THE TASK:
A full, word-for-word copy of the listing below is needed; leave the images out of it.

SUPPLIED INFORMATION:
BEGIN
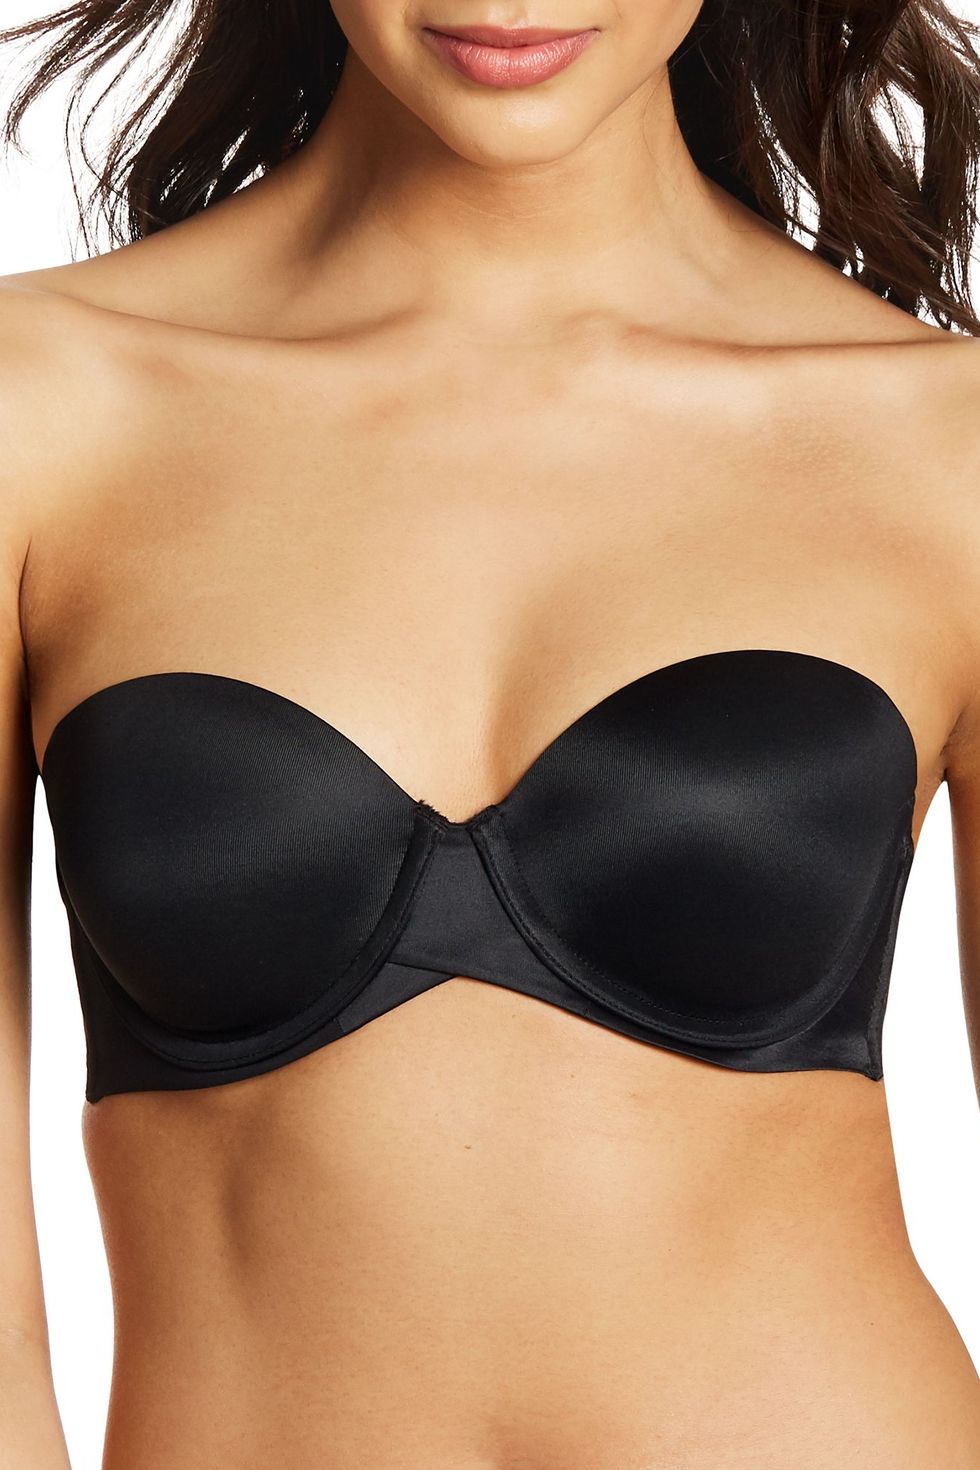 Take it from @ohsnapitschardline, the Comfort Bliss strapless is the O
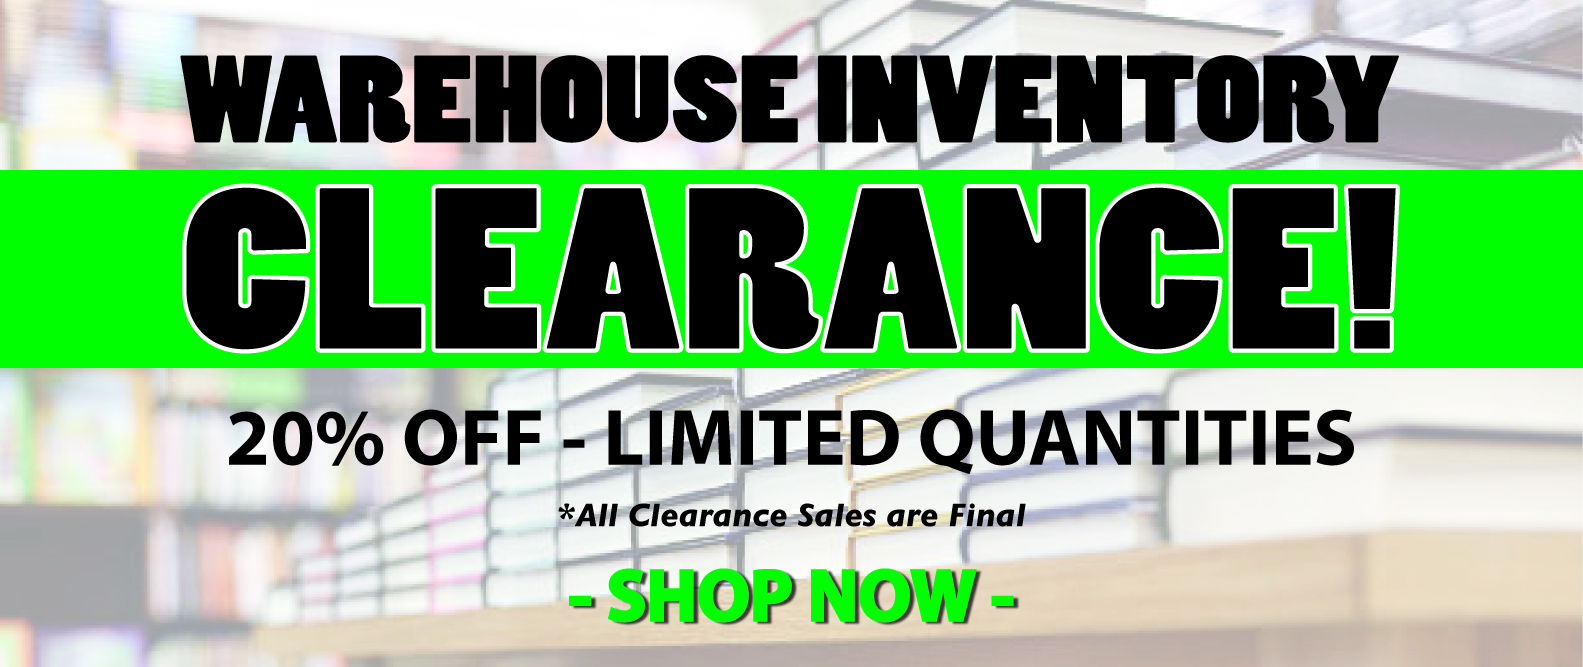 Inventory Clearance Sale Banner
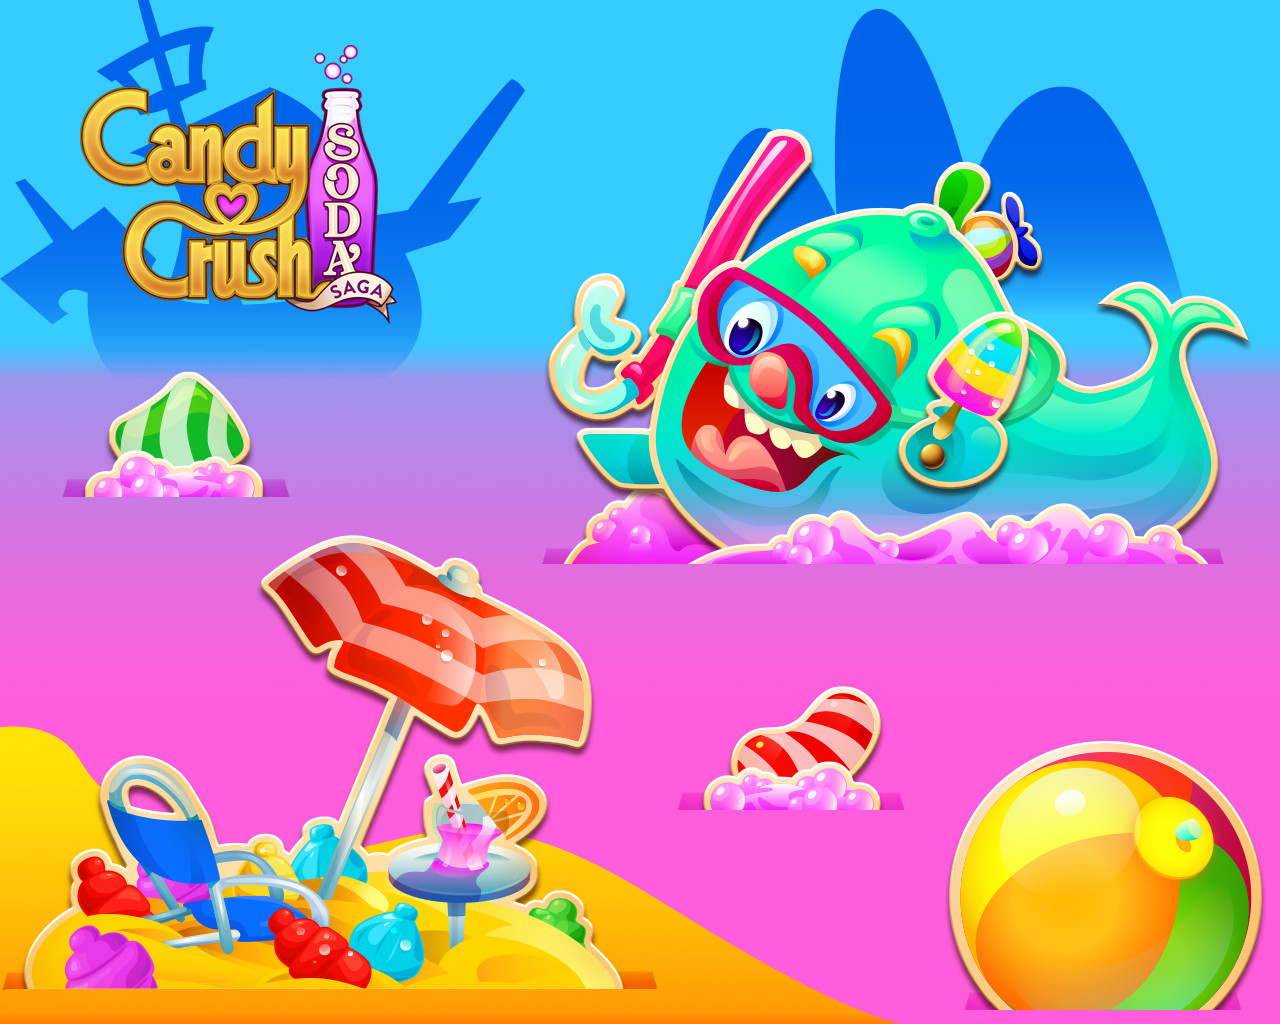 Caspar Swahn - Candy Crush Soda Saga Characters, Assets and Backgrounds
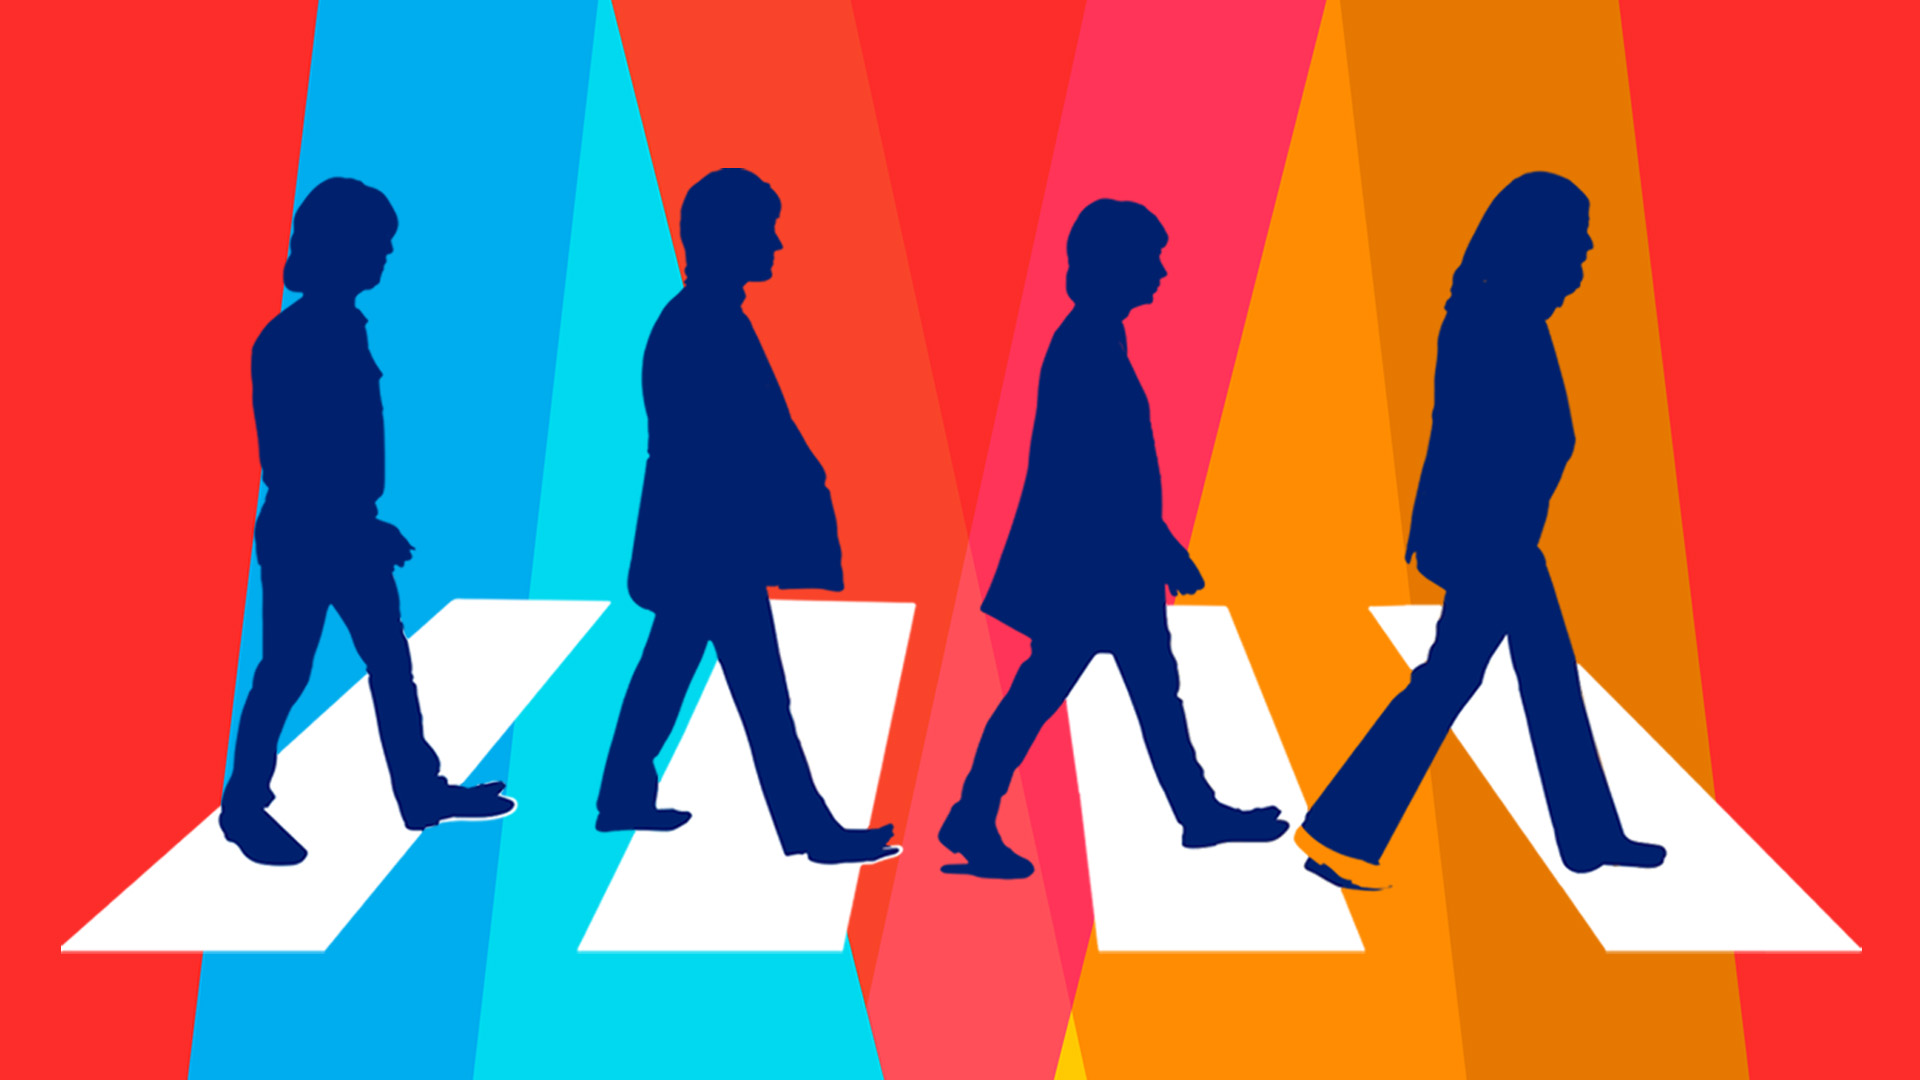 Graphic of four shadow figures representing the Beatles walking in a line. Orange and blue lights shine down on them.
END
RESPONSE FOR THIS EXERCISE:
 Take it from @ohsnapitschardline, the Comfort Bliss strapless is the O
 Inventory Clearance Sale Banner
 Caspar Swahn - Candy Crush Soda Saga Characters, Assets and Backgrounds
 Graphic of four shadow figures representing the Beatles walking in a line. Orange and blue lights shine down on them.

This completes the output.